[Start of section]

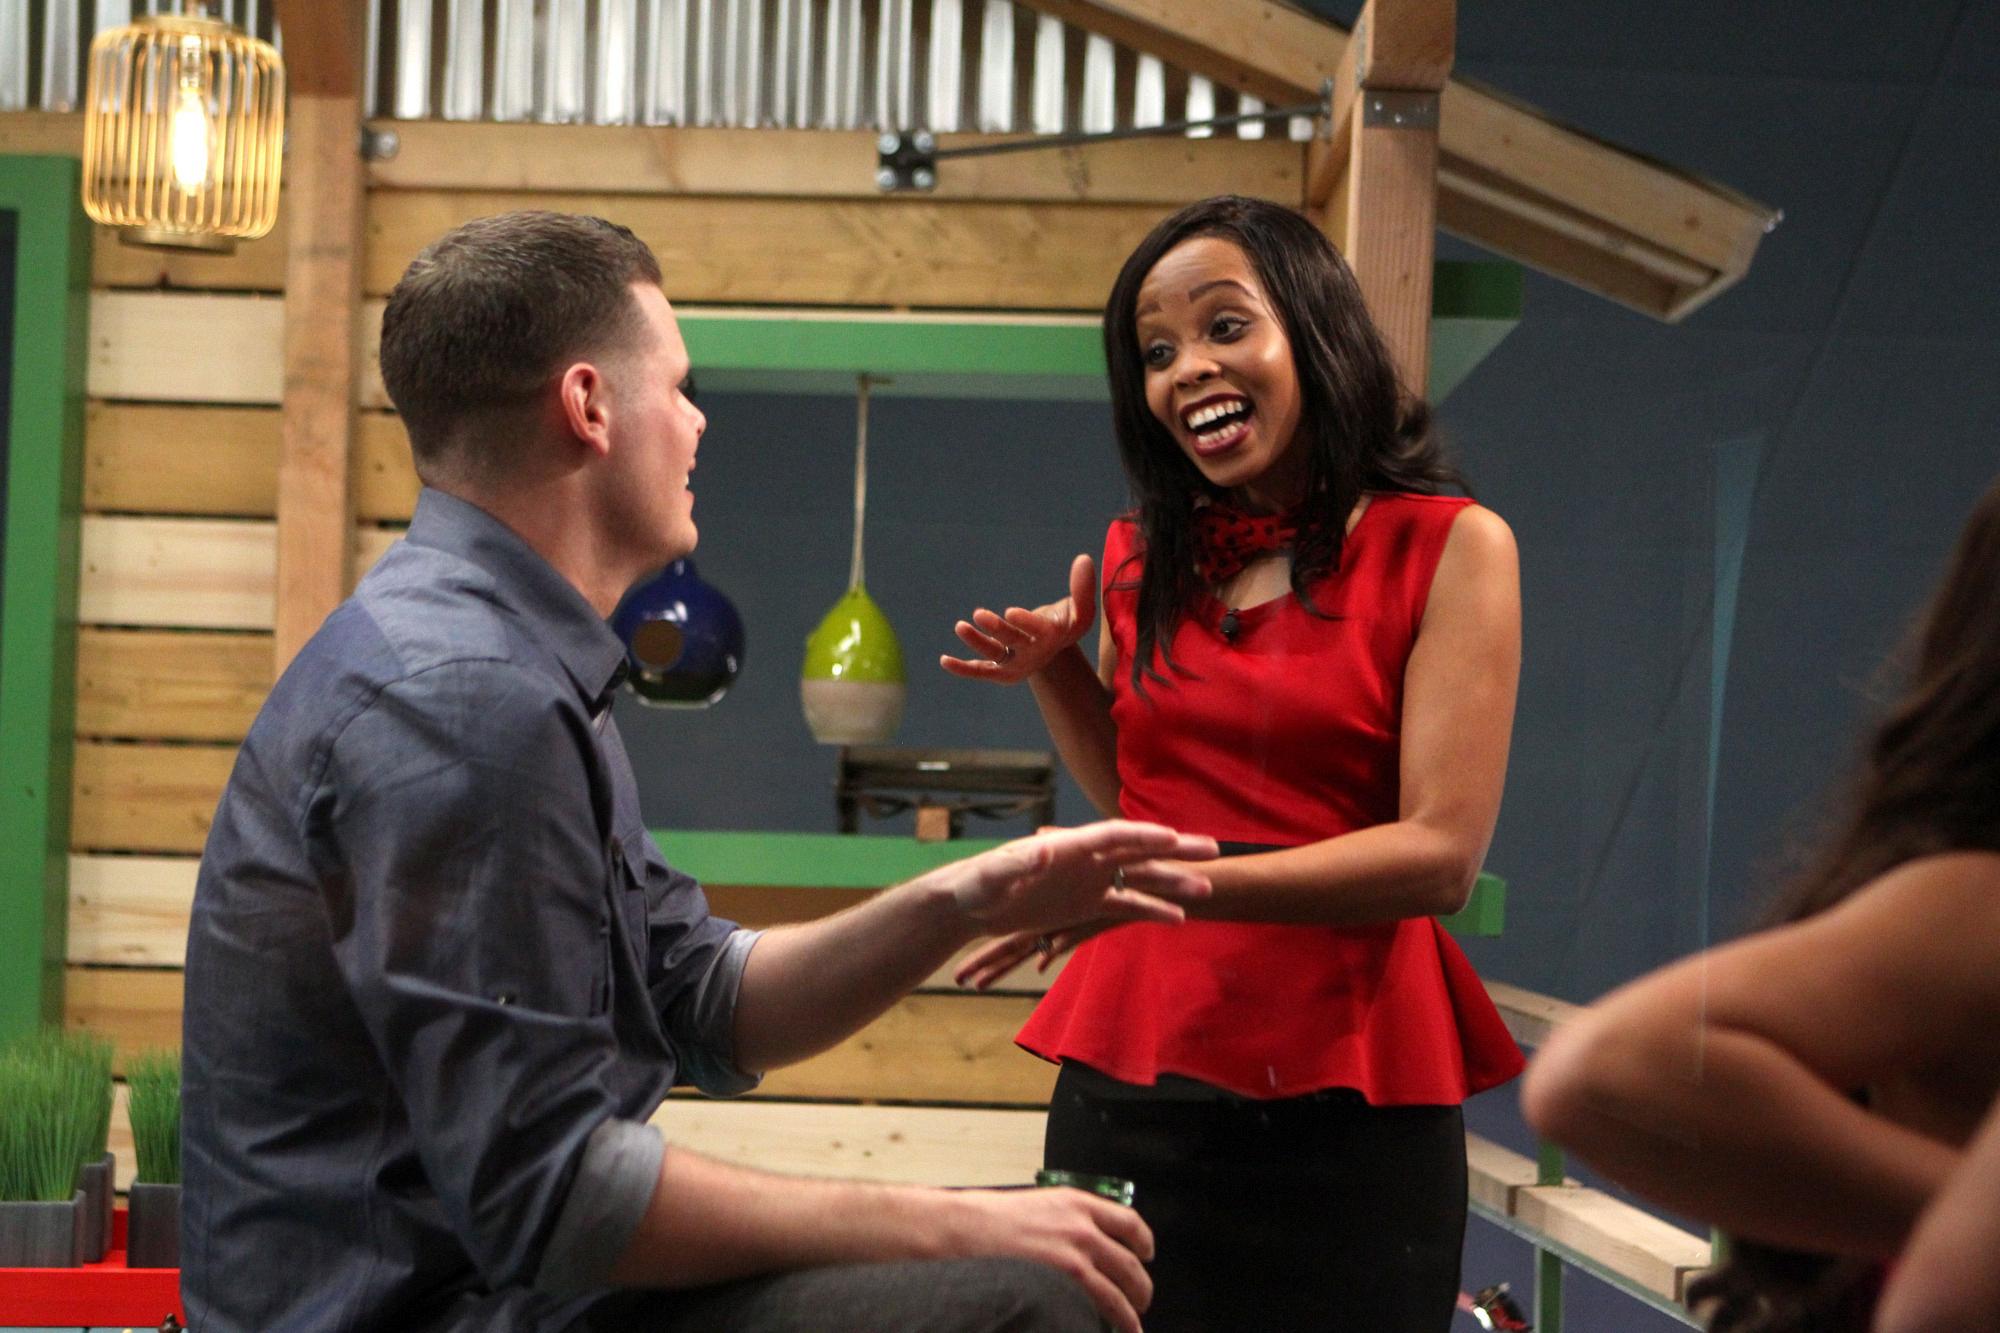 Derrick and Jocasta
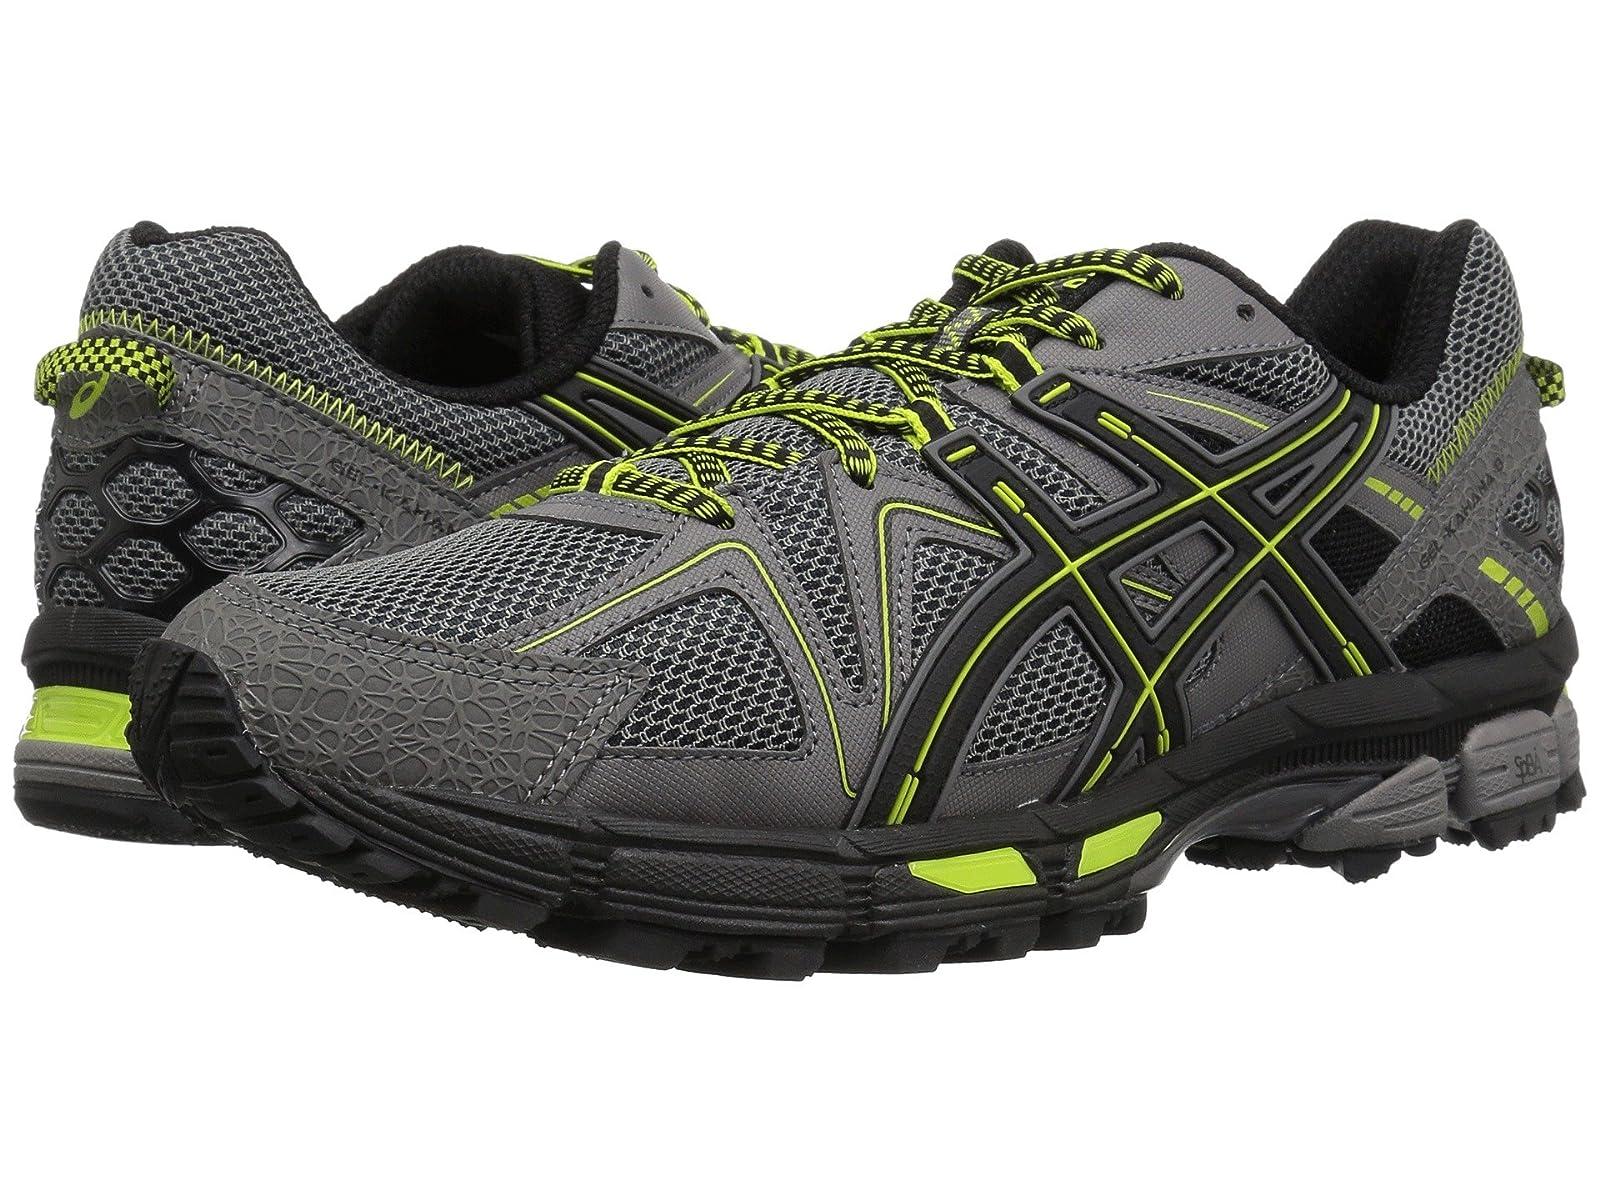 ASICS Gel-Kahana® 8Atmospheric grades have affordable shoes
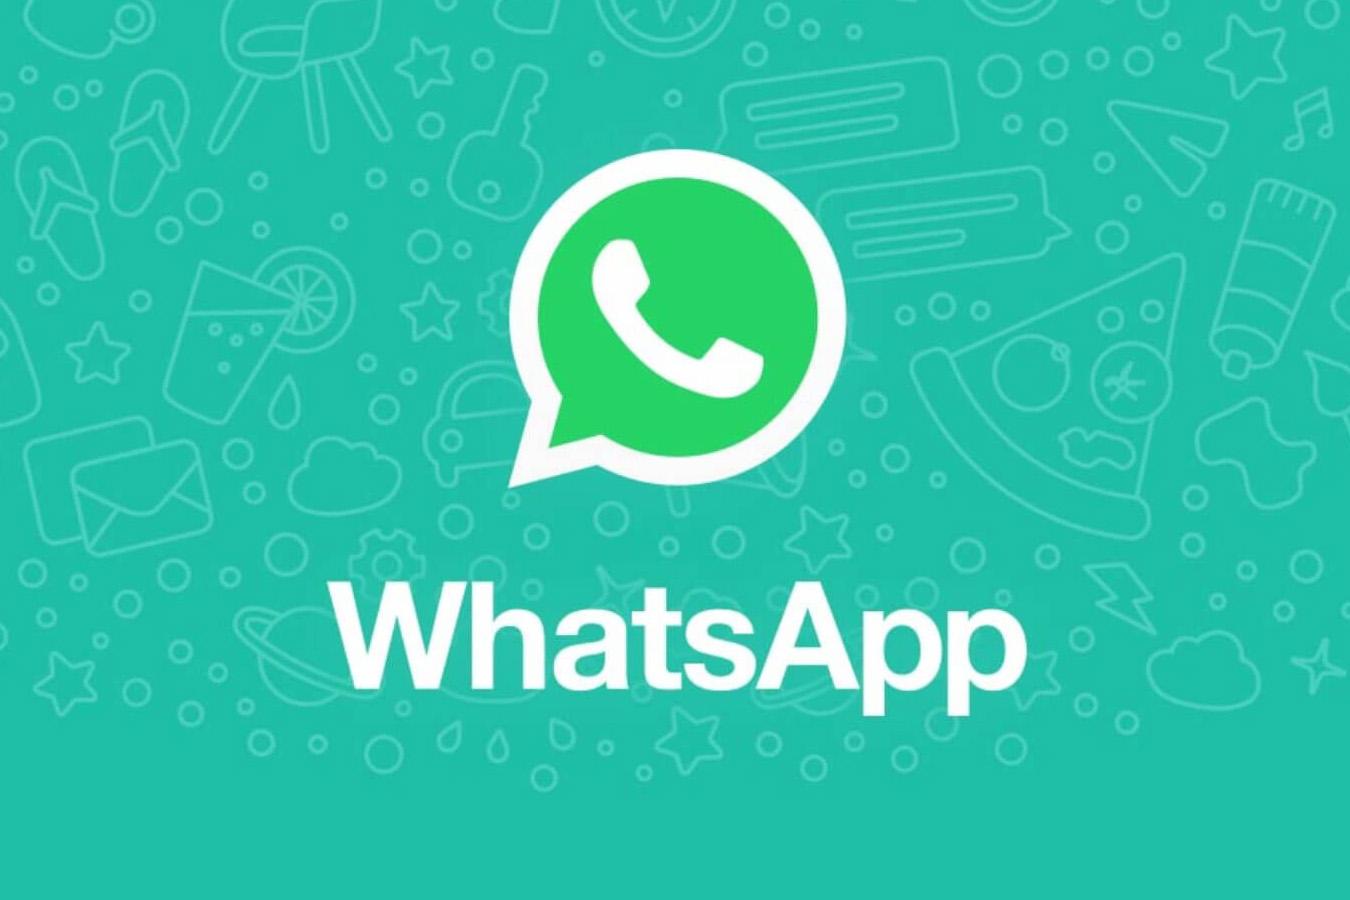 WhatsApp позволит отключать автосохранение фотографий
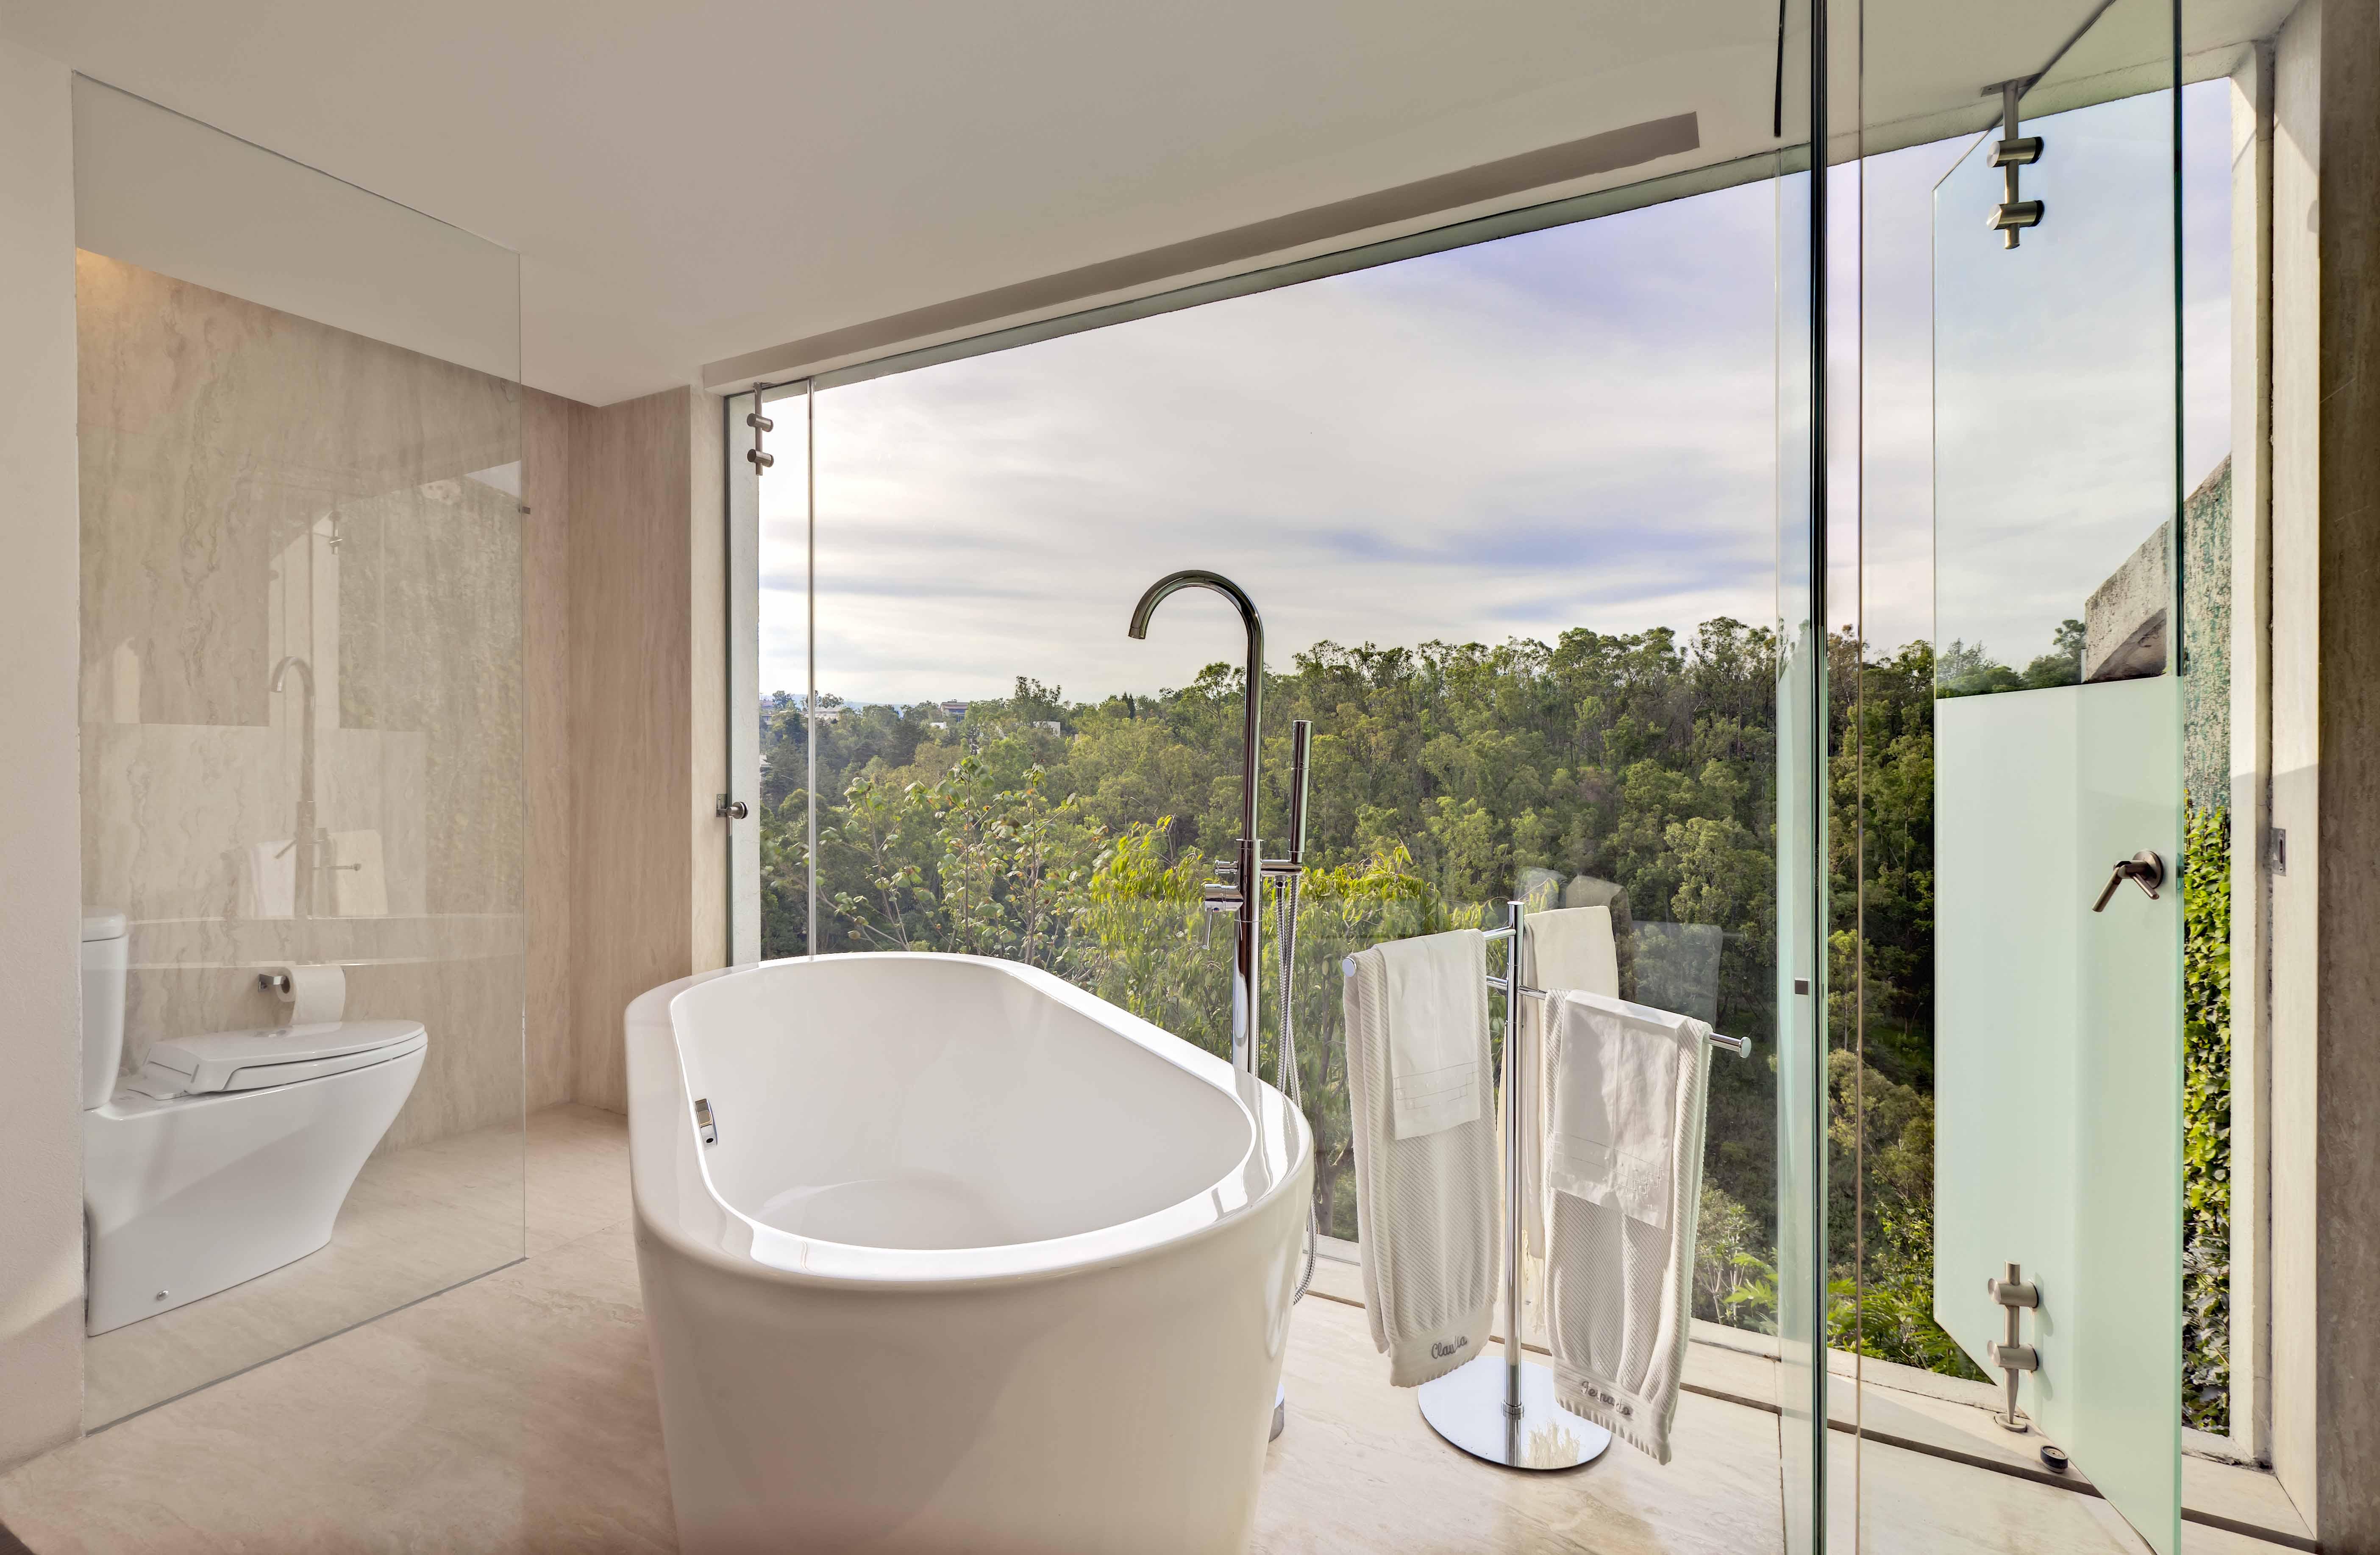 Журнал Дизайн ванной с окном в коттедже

[End of section]

Output the data above exactly. Drop every picture.

**RESPONSE TO THE TASK:**
 Derrick and Jocasta
 ASICS Gel-Kahana® 8Atmospheric grades have affordable shoes
 WhatsApp позволит отключать автосохранение фотографий
 Журнал Дизайн ванной с окном в коттедже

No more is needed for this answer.